What needs to be done: Return an exact copy of the lines from the one holding "ジャムセッション 13年3月カレンダーデスクトップテーマ壁紙プレビュー 10wallpaper" to the end of the data, including both the starting and final lines. Leave the pictures out.

Source data:
○ ○ ○

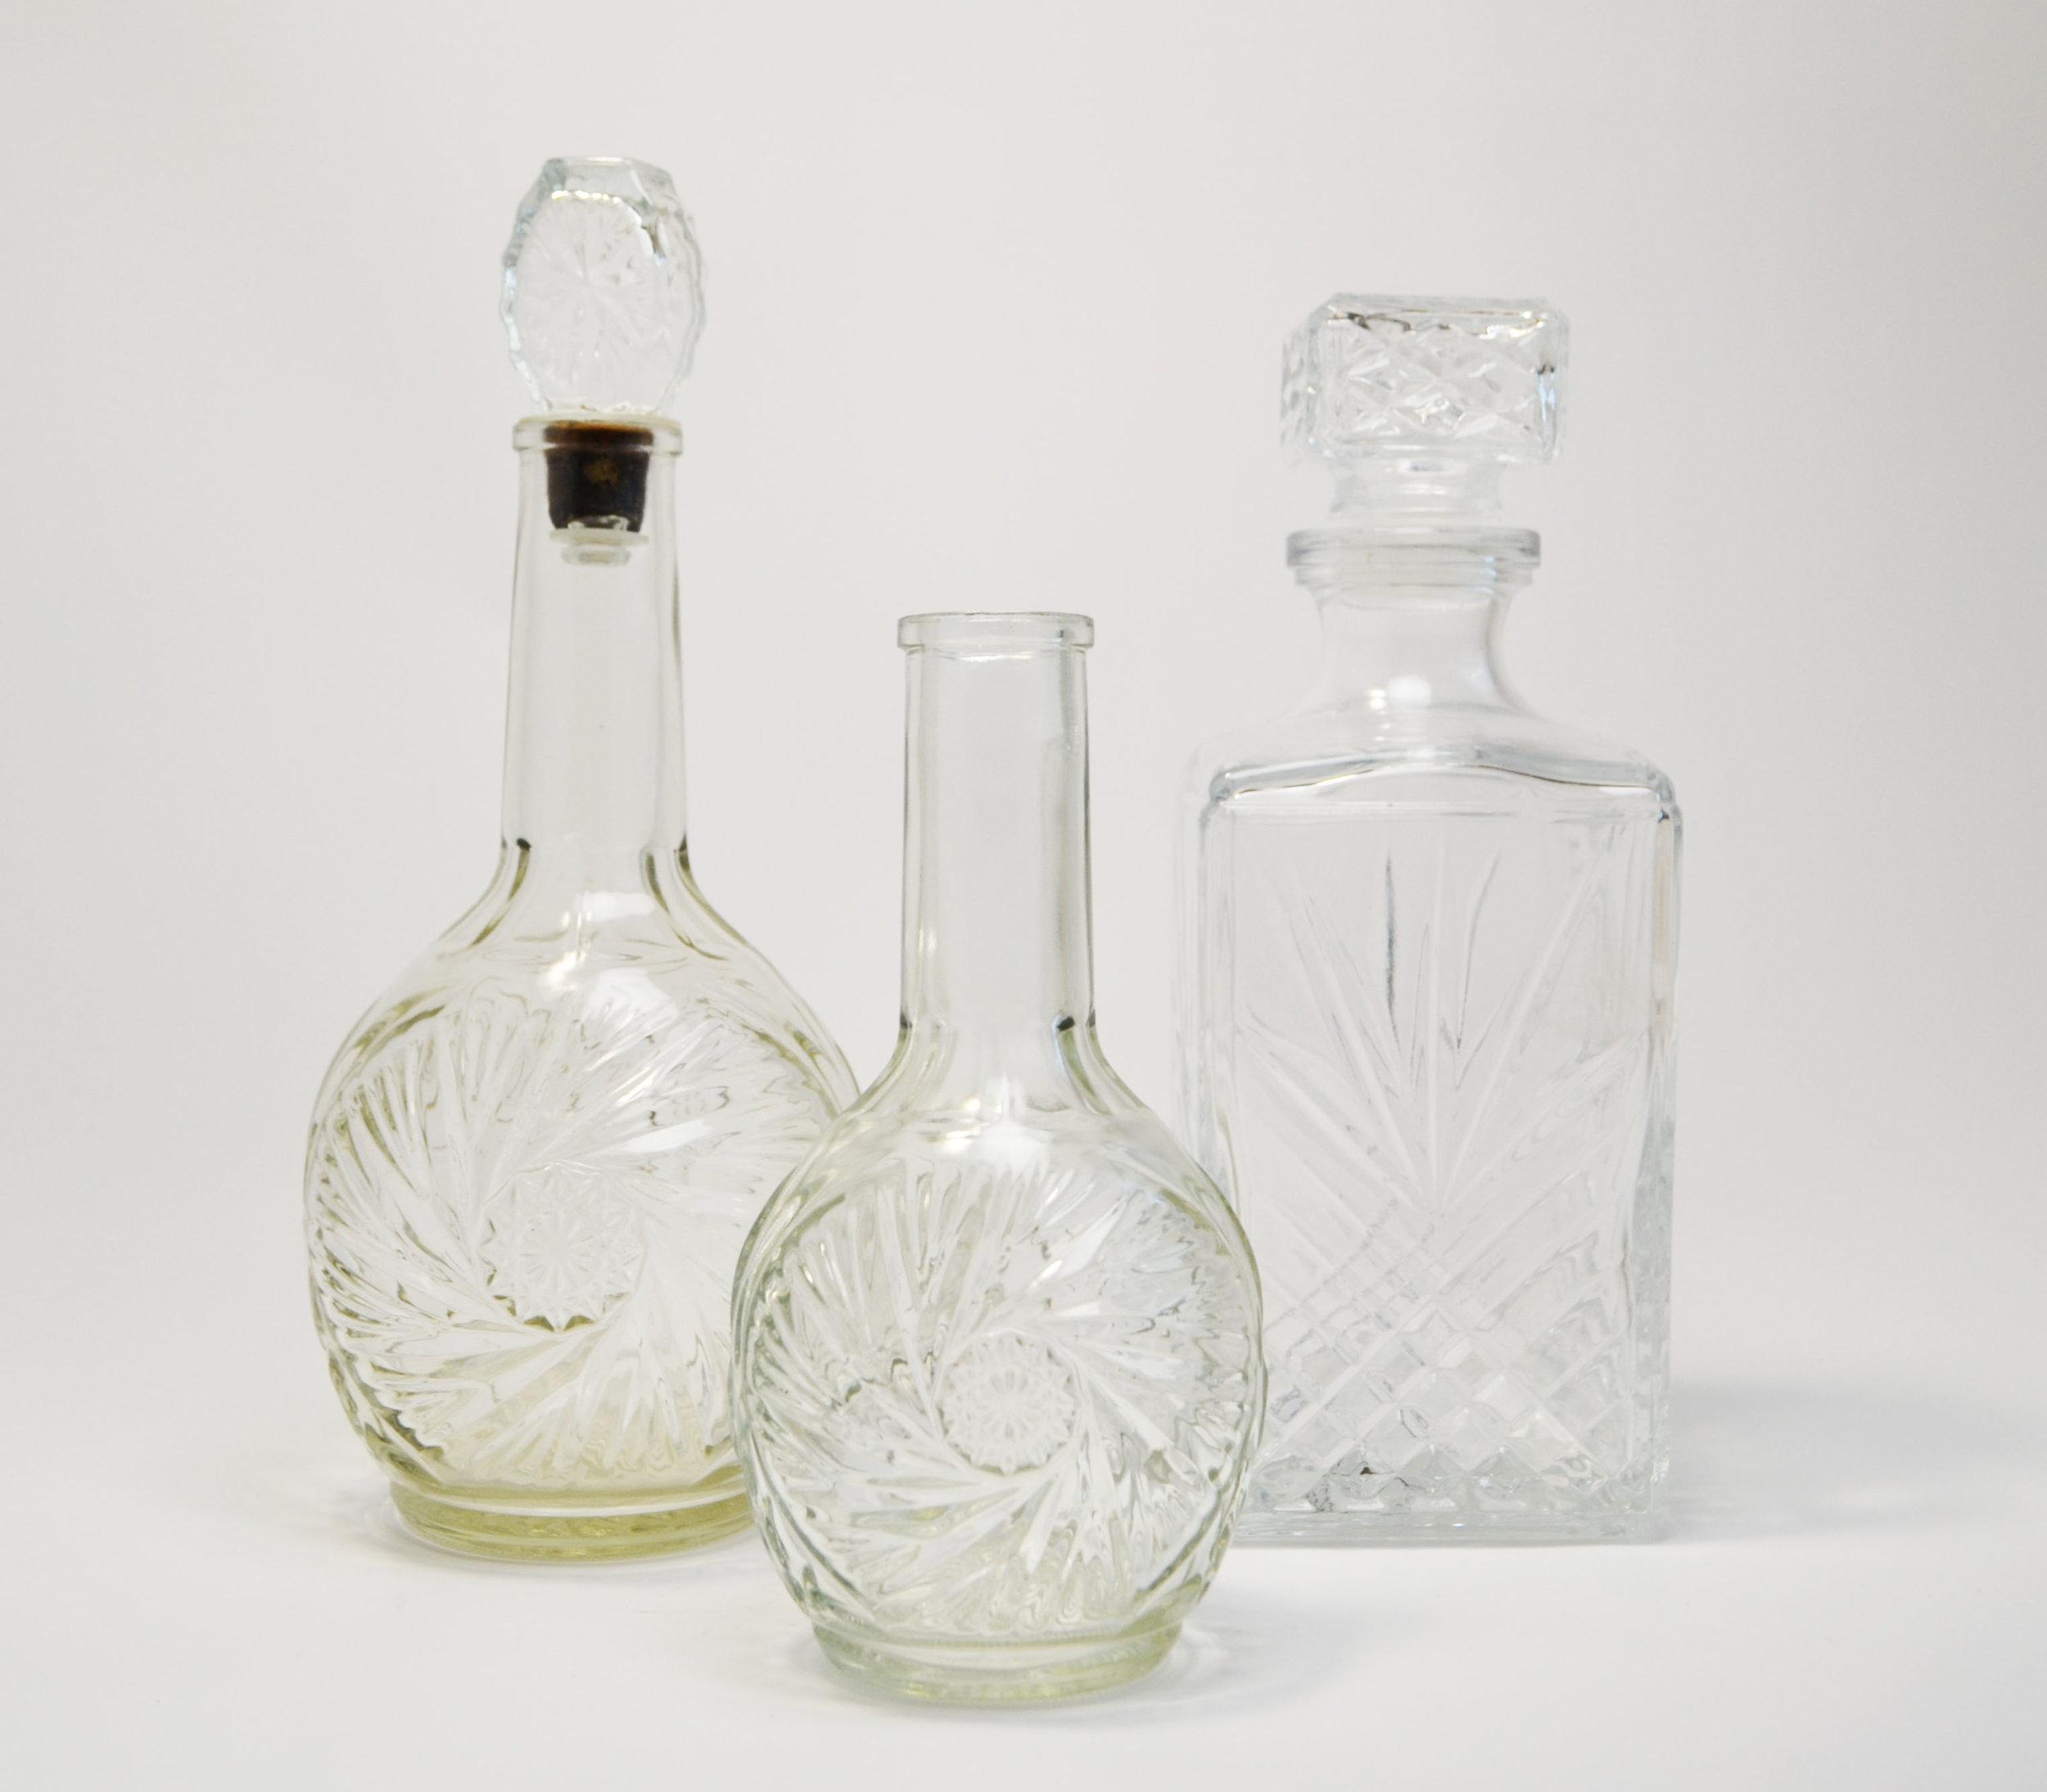 round decanter - medium   Quantity: 6  Price: $7.50
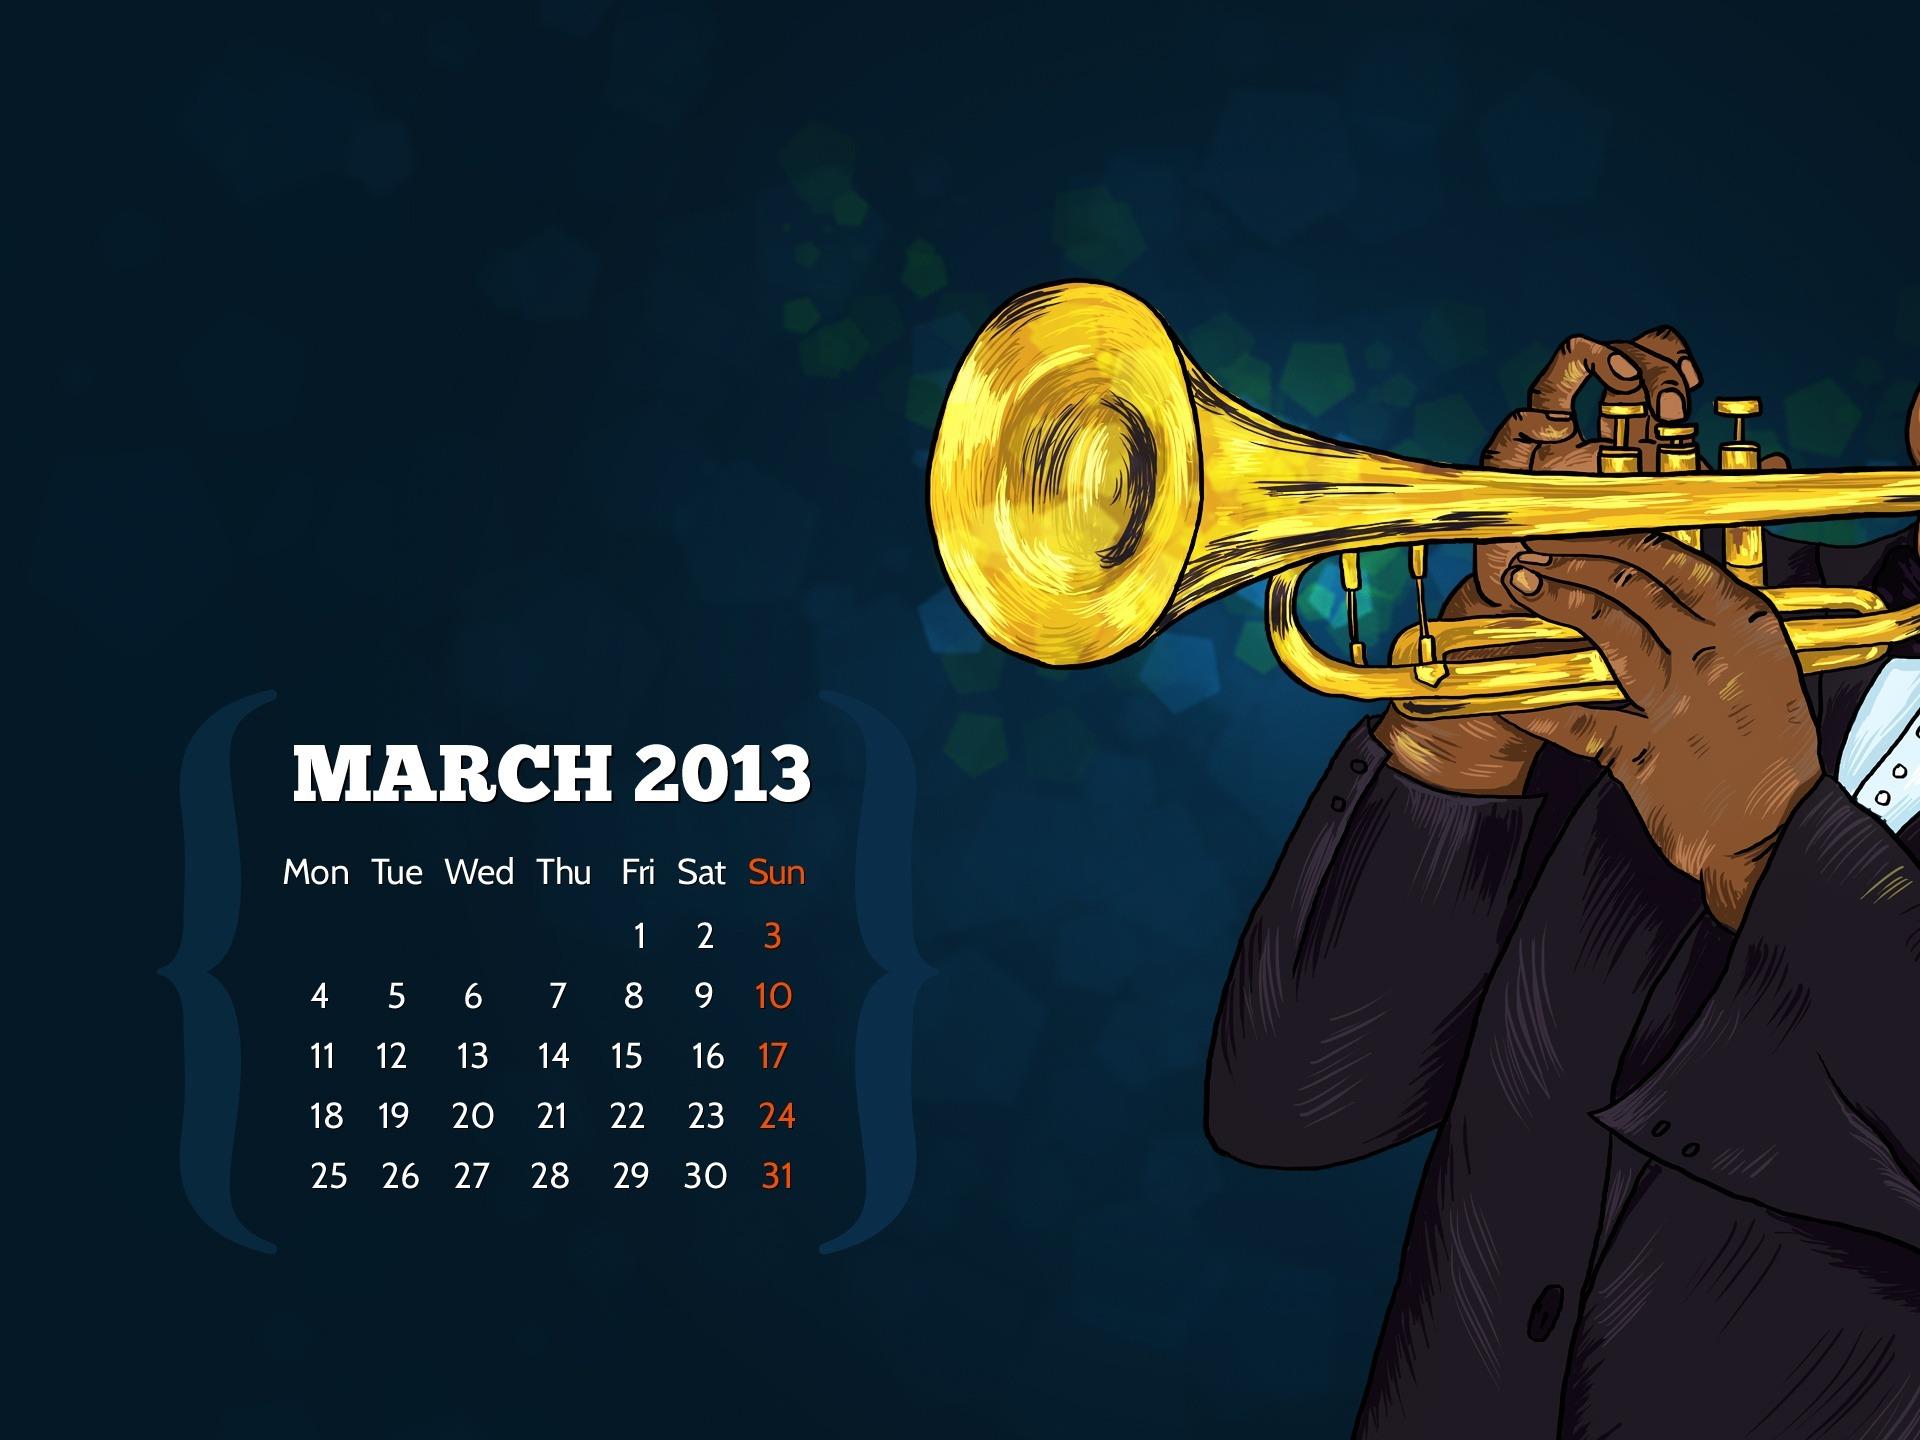 ジャムセッション 13年3月カレンダーデスクトップテーマ壁紙プレビュー 10wallpaper Com
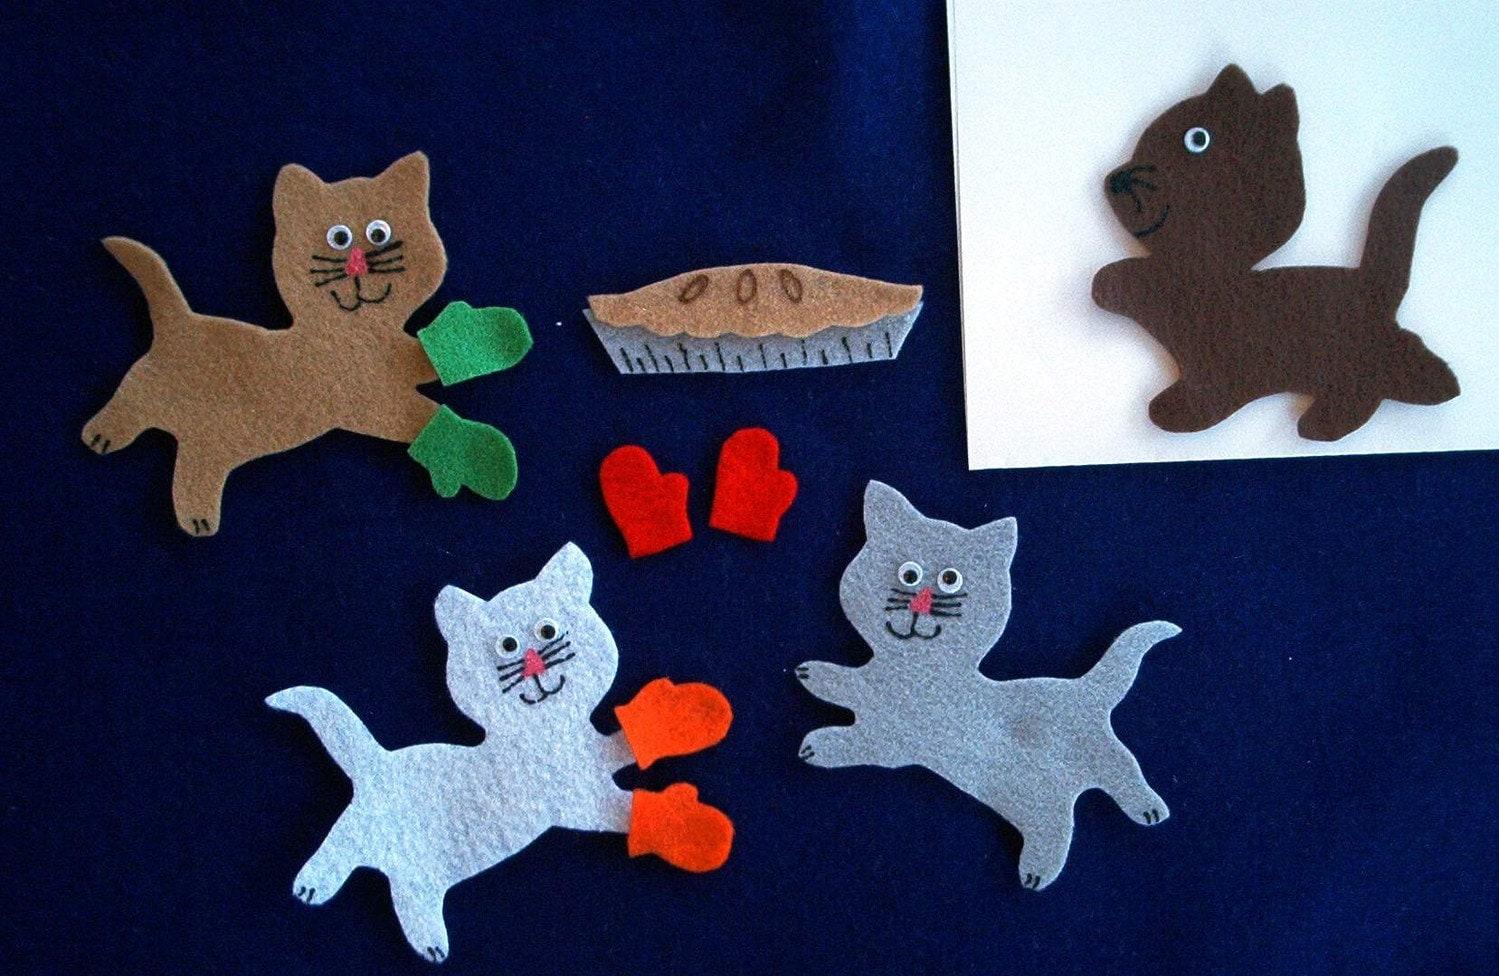 3 Little Kittens Flannel Board Felt Story Set And Bonus Felt
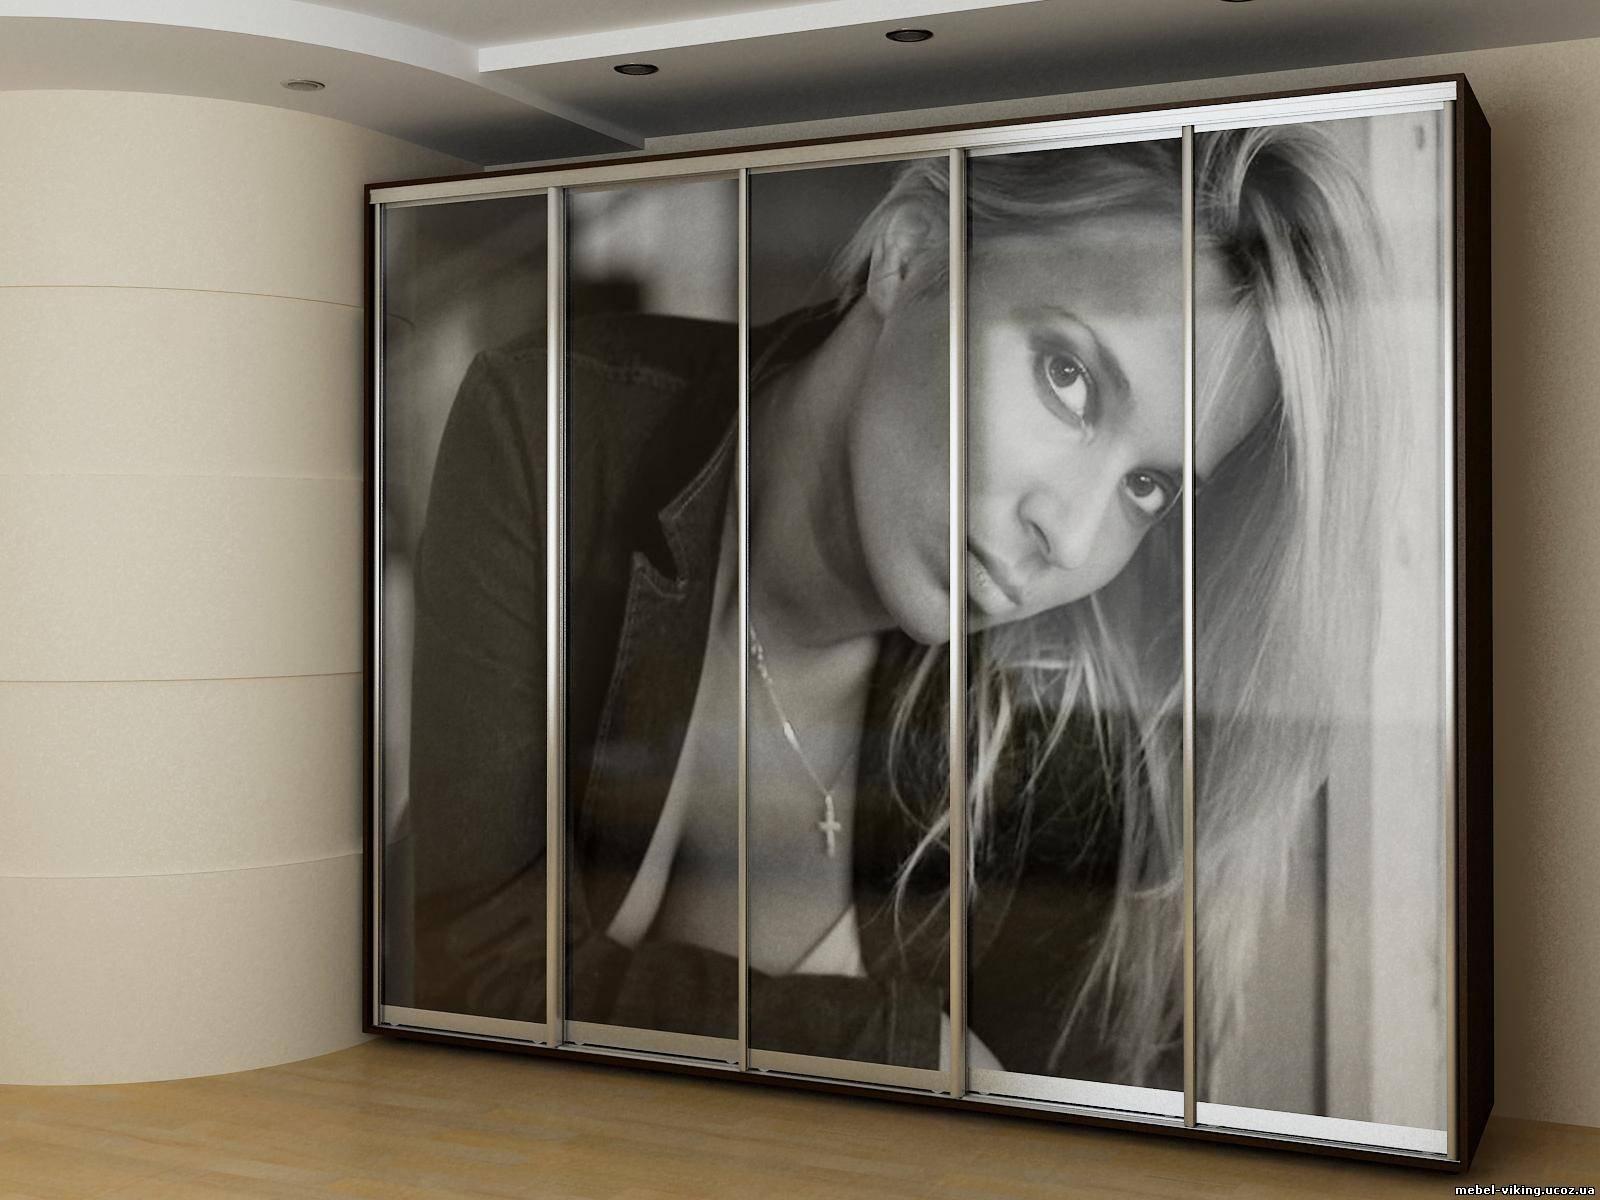 Встраиваемый шкаф-купе с фотопечатью

○ ○ ○

Task output:
 ジャムセッション 13年3月カレンダーデスクトップテーマ壁紙プレビュー 10wallpaper Com
 3 Little Kittens Flannel Board Felt Story Set And Bonus Felt
 Встраиваемый шкаф-купе с фотопечатью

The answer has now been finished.